South Korea’s KOSPI surged approximately 68% during the second quarter of 2026, its best quarterly performance since the nation rebounded from the Asian financial crisis in 1998. The benchmark climbed from around 5,000 to over 9,000, recording all-time highs in June. Year-to-date gains now approach nearly 100%.
Samsung Electronics and SK Hynix are the primary engines of this rally. Analyst projections indicate these two semiconductor giants will drive between 52% and 68% of total KOSPI profit growth. The surge reflects a global scramble for high-bandwidth memory, the specialized chips essential for artificial intelligence infrastructure. The two firms are among only three companies worldwide capable of manufacturing this technology at scale.
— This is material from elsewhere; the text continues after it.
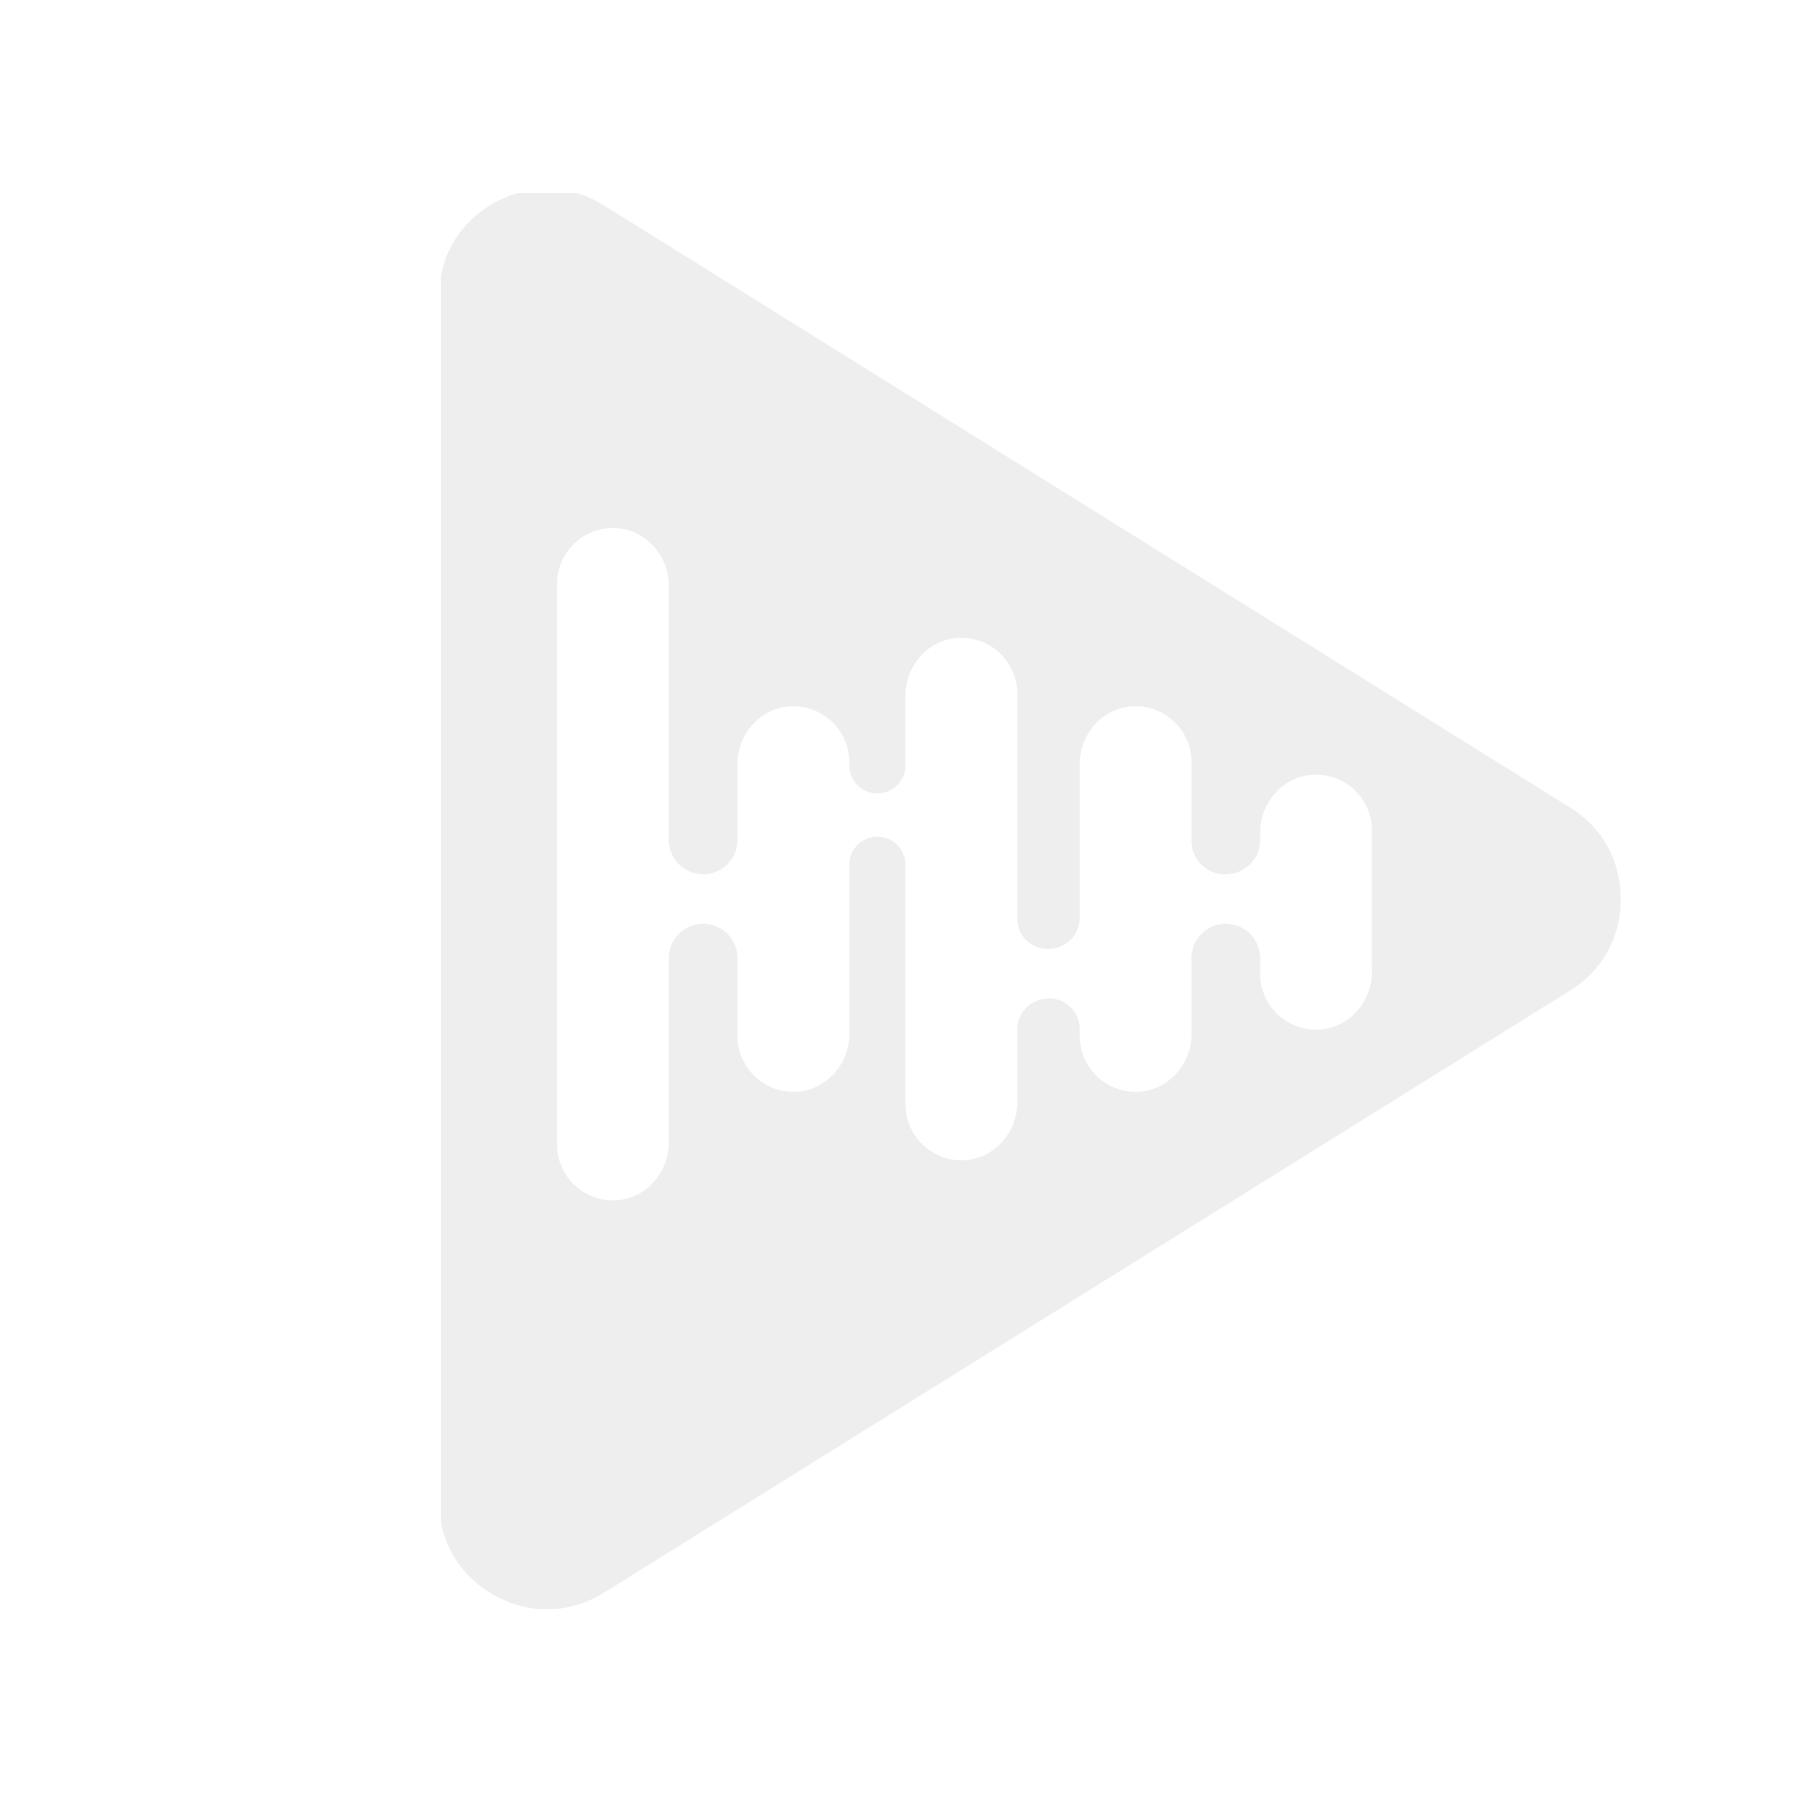 Connect CT-BC - Bananplugger, gullbelagt, kobber

Beneath the historic returns, market volatility has spiked dramatically. The index has already recorded 20 single-day moves exceeding 5% in 2026. The most severe of these occurred on June 23, when the KOSPI plummeted 9.99% following regulatory warnings about leveraged ETFs that became wildly popular among domestic retail traders.
Despite the generational returns, foreign investors have been net sellers, offloading tens of billions of dollars in Korean equities. Much of this outflow is attributed to mechanical rebalancing by passive funds trimming positions as constituent weights grow. The rally is increasingly a local phenomenon, fueled by domestic investors often using leveraged products.